For most American liberals and leftists, meanwhile, deinstitutionalization remains a triumph. Historically committed to mercy and still notionally committed to “mad rights” as an identity category, they are as unwilling to call for the end of insanity defenses as they are for a return to the asylum at large. Instead, they have invented a new way to avoid the dilemma: simply pretending that mental illness never results in antisocial behavior, much less violent crime. Confronted with examples, they endlessly repeat the cliché that actually, somebody with mental illness is more likely to be the victim of a violent crime than the perpetrator, a claim that is true only because the mad are victimized so frequently that it dwarfs their more modest propensity toward criminality. When the behavior is sub-criminal, the cliché becomes Well I have mental illness, and I’ve never engaged in this specific bad behavior. This is an exercise in respectability politics: a desire to insulate the merely depressed or anxious or ADHD-addled young professional from the stigma of being associated with the more troubling insane. Those lunatics, whether privately destructive or pleading insanity in a formal trial, are just too inconvenient to the cause. A great deal of the contemporary “mad movement” has been directed toward fighting stigma, toward normalizing psychiatric treatment, toward making it possible for stable lunatics like me to live and work free of the assumption that we are one bad day away from committing a massacre. But the existence of actual mad defendants guilty of “stigma”-inducing crimes is embarrassing. 

The truth is that insanity is largely a matter of luck. Madness itself is bad luck: the wrong genes, the wrong circumstances, the wrong life. Access to treatment is a matter of luck: of when you were born, where you were born, to what kind of culture, with what kind of money. How responsive you are to medication is a matter of luck; whether you believe you need the medication at all is luck too. If you have the misfortune to develop one of the more spectacular forms of madness, then it is up to luck how that madness manifests. At trial, Ahmad Alissa’s father testified that the family did not seek psychiatric help for their son because they believed he was possessed by a spirit, and in any case his father was afraid of people thinking of him as the man with a crazy son. “It’s shameful in our culture,” he said. Those of us whose madness has not resulted in atrocity or tragedy are not possessed of better souls or sense than those who find themselves confined to forensic psychiatric hospitals. We’re simply lucky. This is what is most unsettling about insanity at bottom: It is arbitrary.  It is immune to reason and sometimes to medication. We are better than the ancients in that we are willing to pity the mad. But our pity does not always provoke our mercy, particularly when we are exhausted or offended or troubled or afraid; particularly when we have good reason. 

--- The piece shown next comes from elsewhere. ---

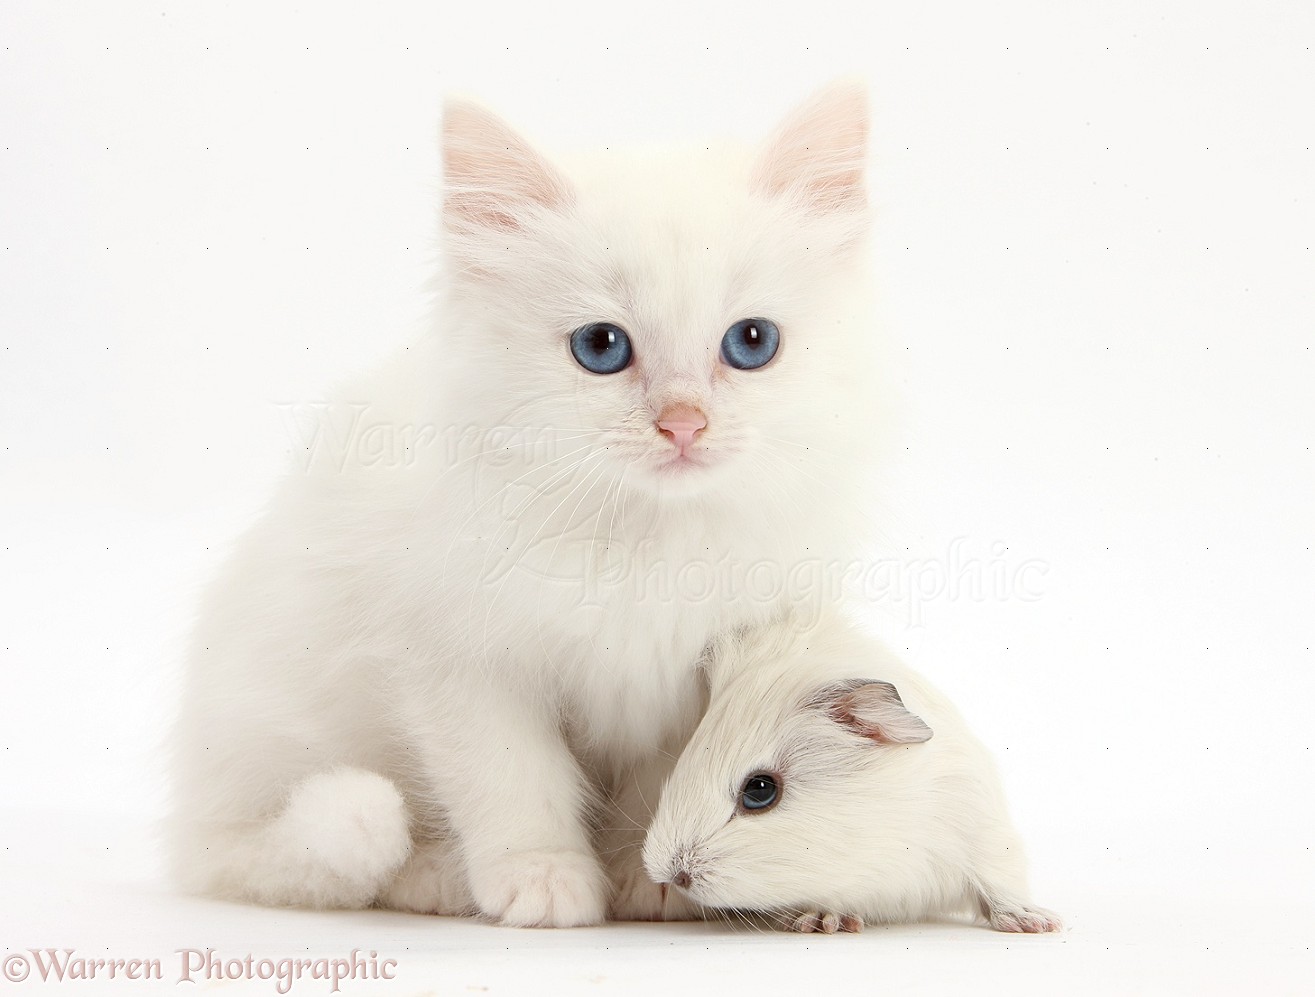 29027-Baby-white-Guinea-pig-and-white-kitten-white-background.jpg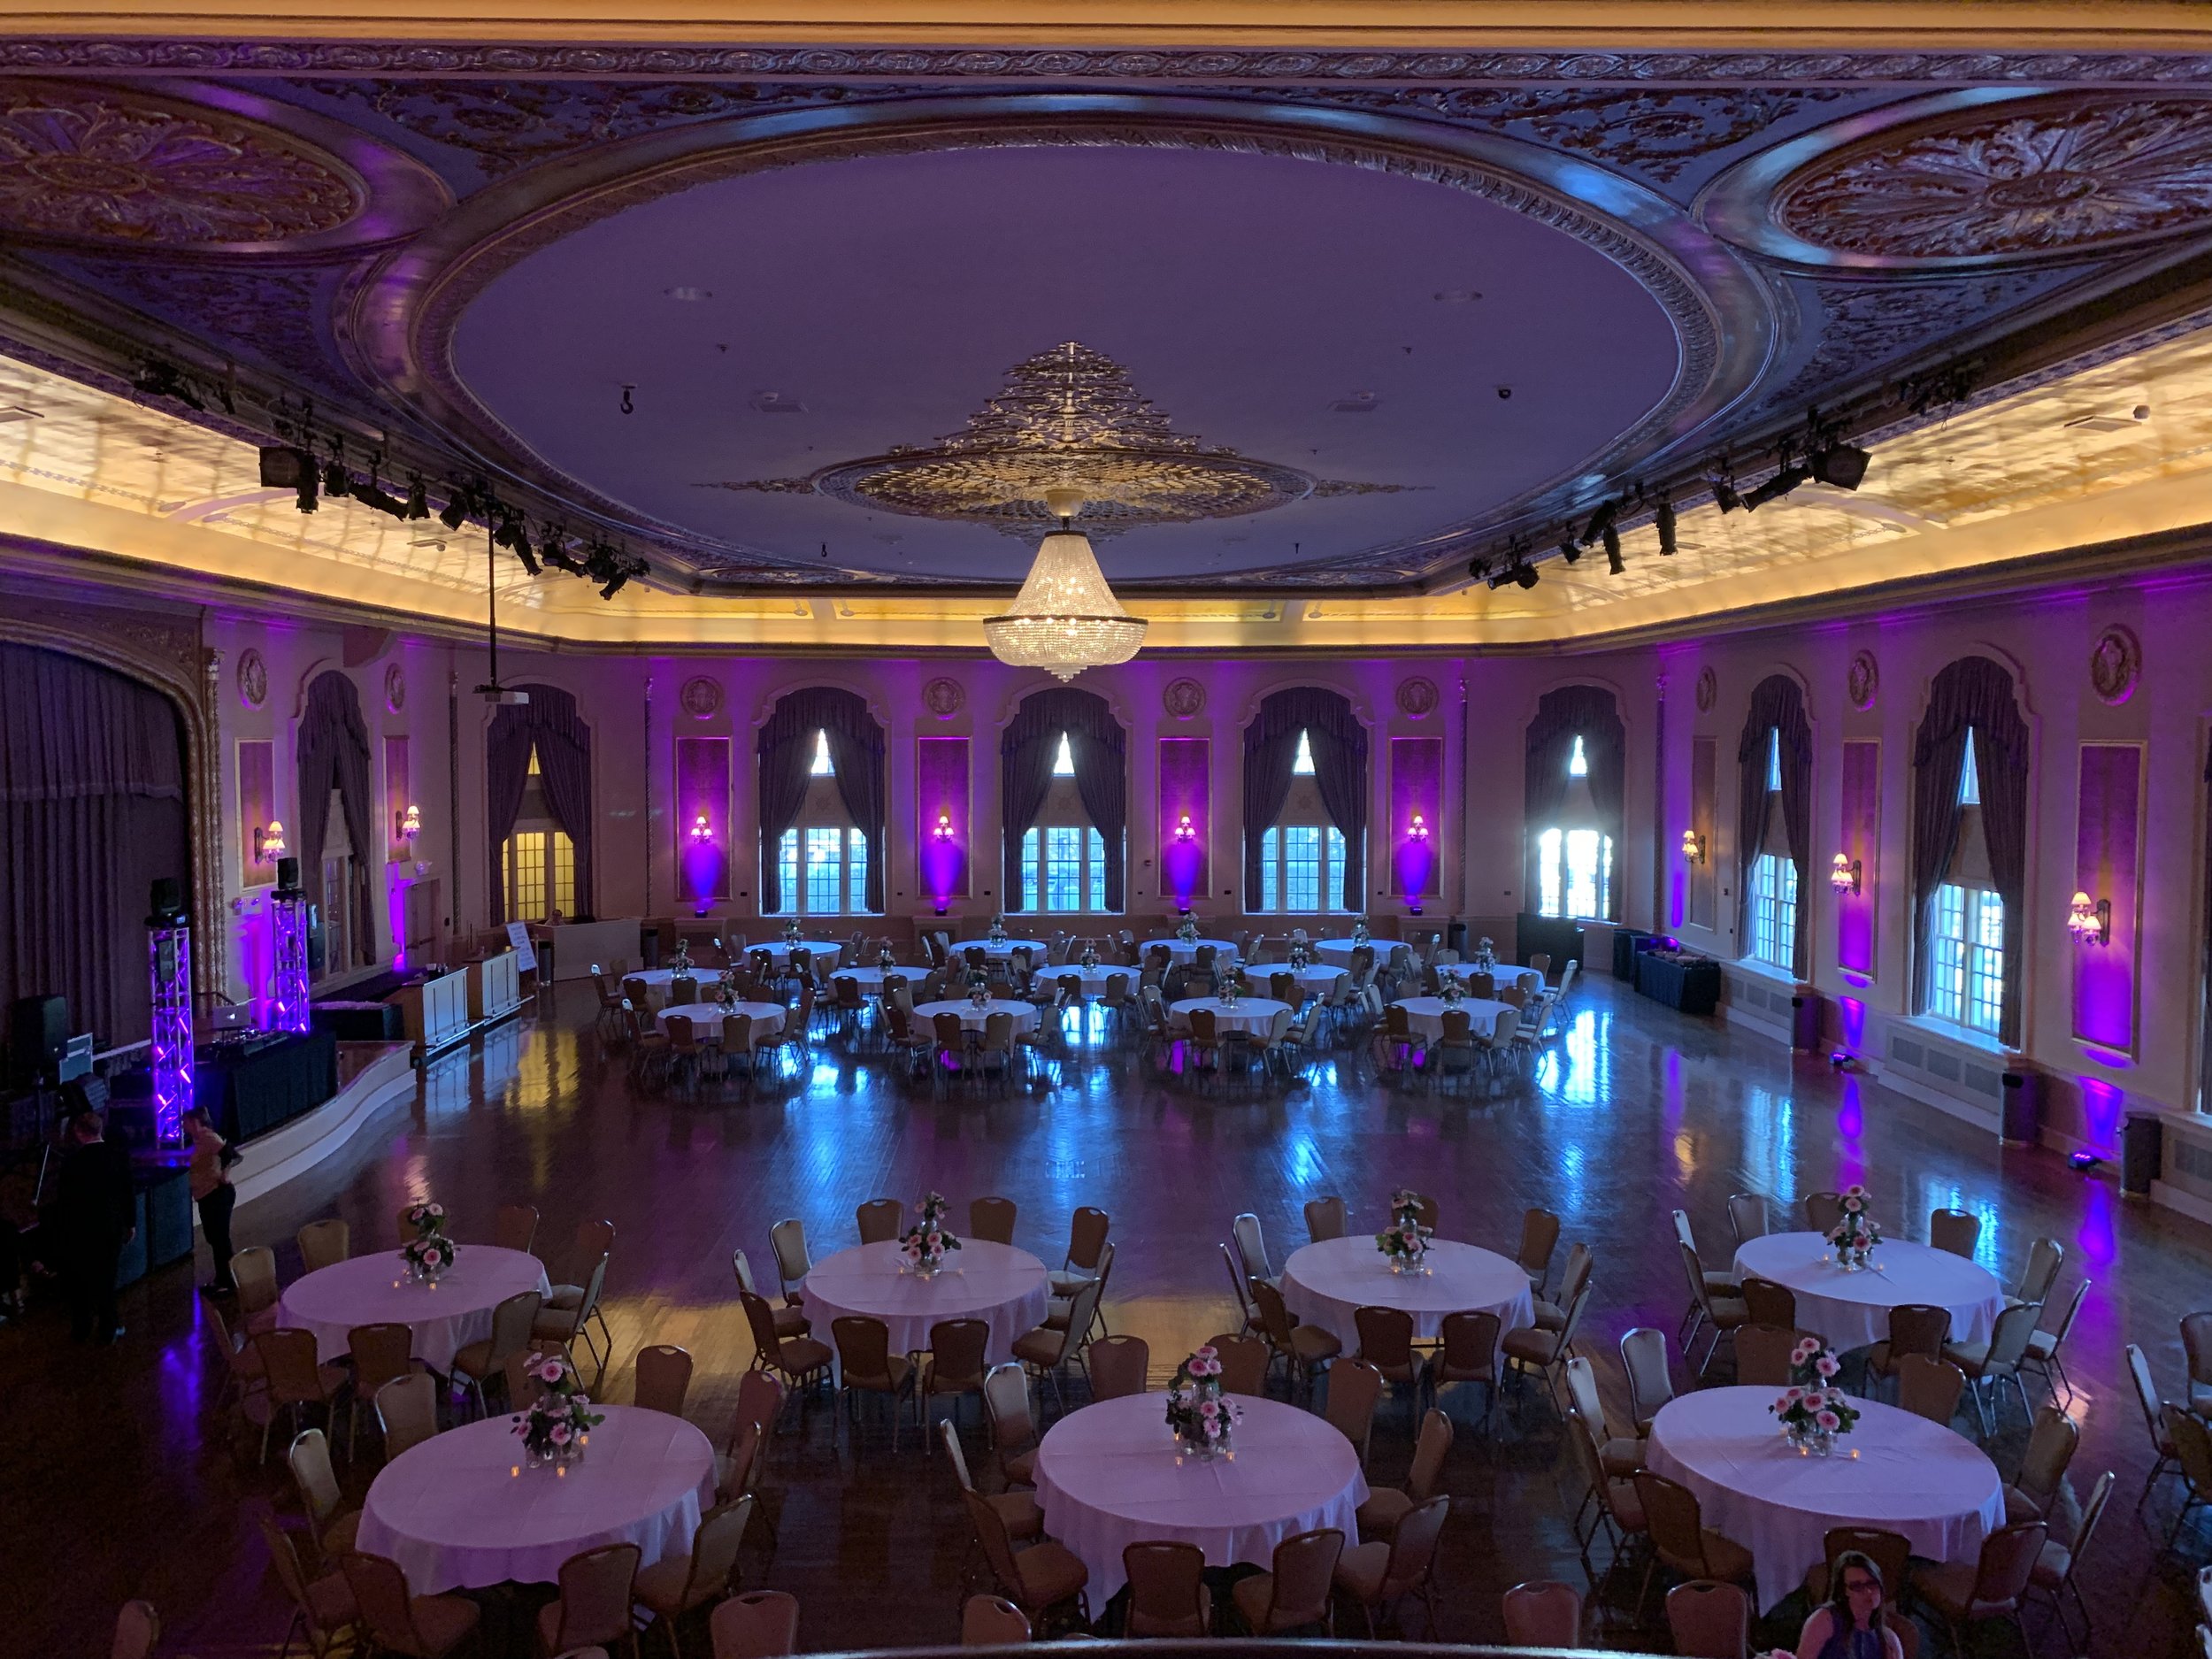 Palais Royale Ballroom with purple uplighting

At Ahmad Alissa’s sentencing, the brother of one of his victims said: “To the person that’s done this, we hope that you suffer for the rest of your life … I hope this haunts the defendant until the end of time. [He] deserves the absolute worst.” Who can blame him? We do not know what to do with the hard moral dilemma of insanity. Perhaps we fear what we might conclude if we did, what it would reveal about the limits of our own enlightenment, or the human cost of our need for justice. We would rather not know. And so, Ahmad Alissa will spend the rest of his life in prison. And 30 lucky lunatics per year will spend an indefinite period surveilled by doctors and the state. And many of us will continue on, in one way or another, on medication or off of it, stable or not, housed and employed or homeless and desperate, nobody quite certain if we must be defended, or must be defended from, or both, or neither, just hoping that our luck holds—or turns. 

Emmett Rensin is the author of "The Complications: On Going Insane in America." He lives in Queens.